> _What is required_
Look below for the line that contains "Lanvin - vestido", then copy it and each following line exactly, through and including the line that contains "2013 Trek 7.2 FX - Bicycle Details".

> _Source material_
--- START ---

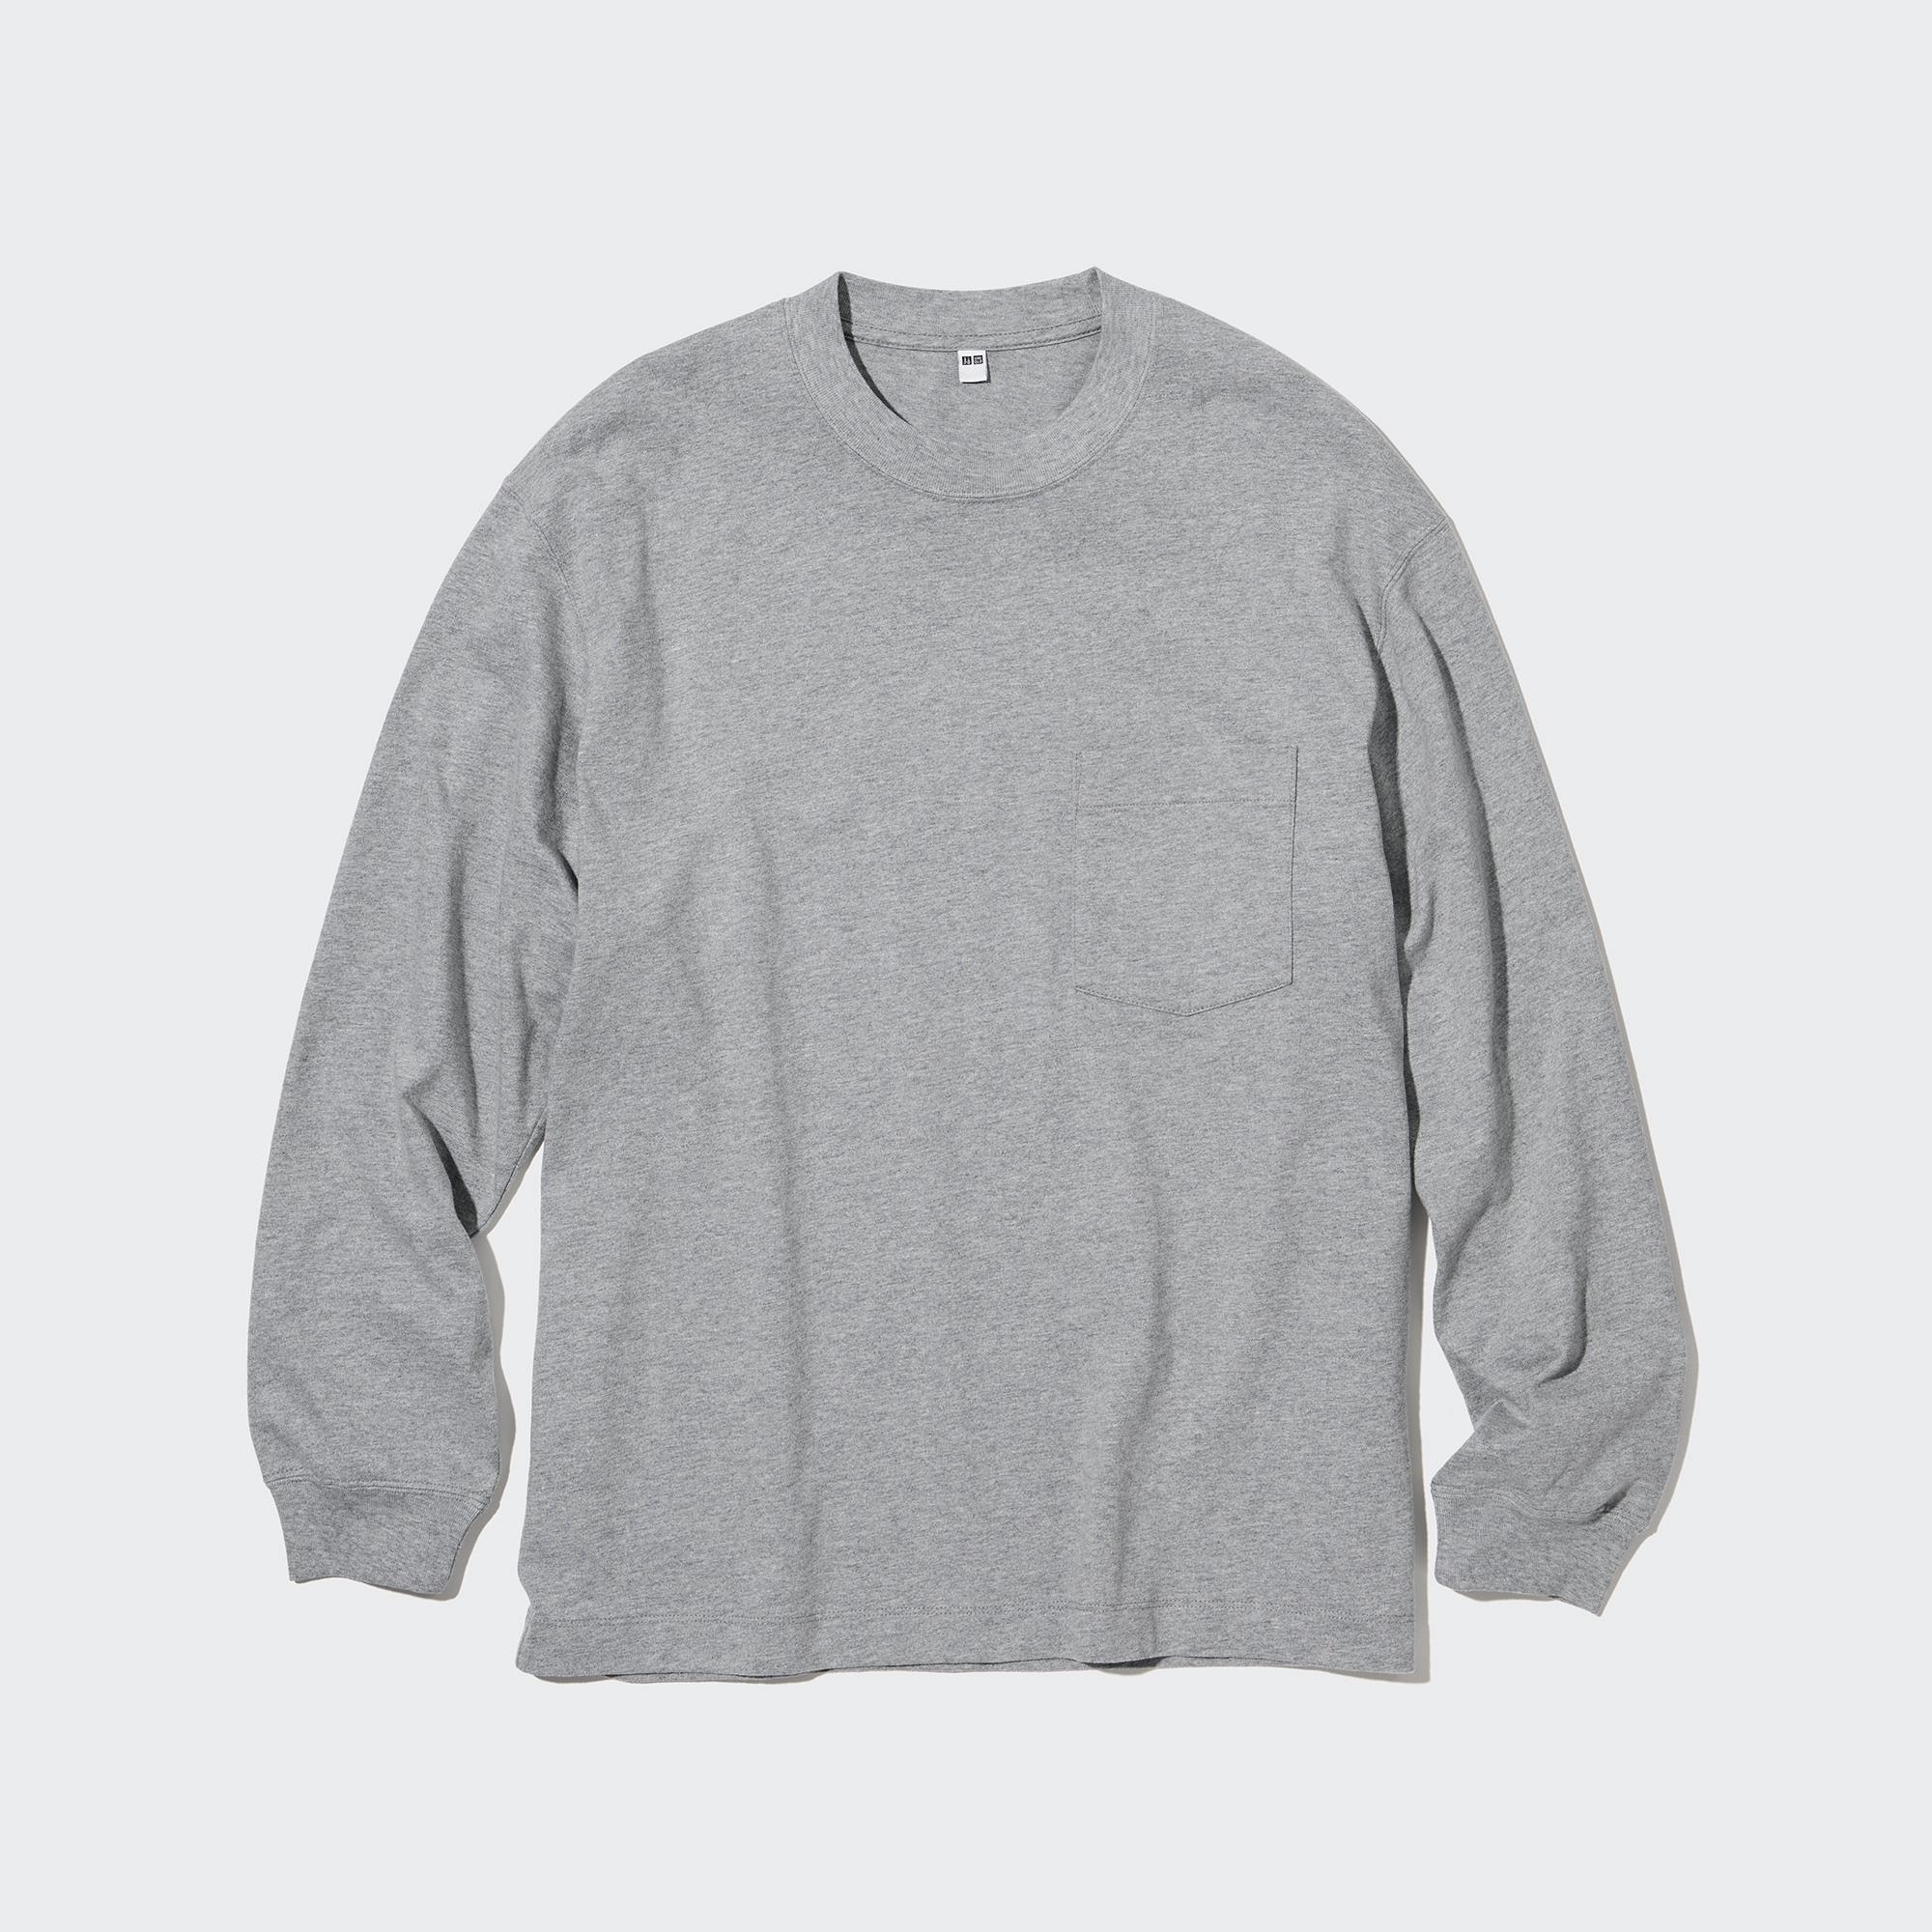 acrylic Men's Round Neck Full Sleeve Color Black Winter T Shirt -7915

--- END ---
--- START ---

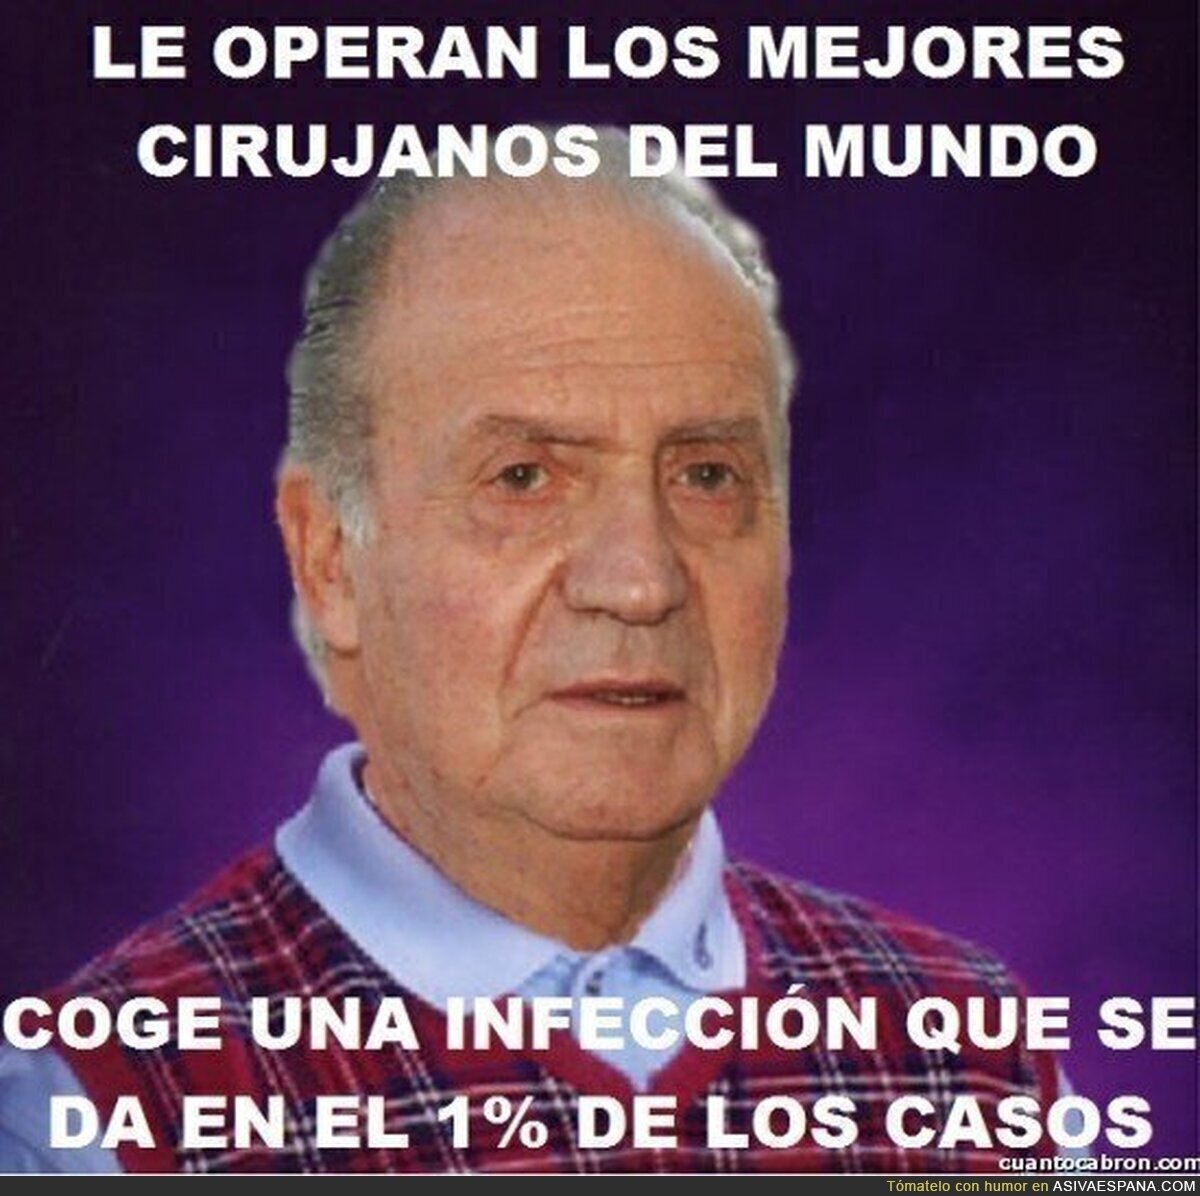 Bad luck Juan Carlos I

--- END ---
--- START ---

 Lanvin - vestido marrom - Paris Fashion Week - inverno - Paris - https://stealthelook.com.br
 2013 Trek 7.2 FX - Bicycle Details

--- END ---

> _Response to this exercise_
 Lanvin - vestido marrom - Paris Fashion Week - inverno - Paris - https://stealthelook.com.br
 2013 Trek 7.2 FX - Bicycle Details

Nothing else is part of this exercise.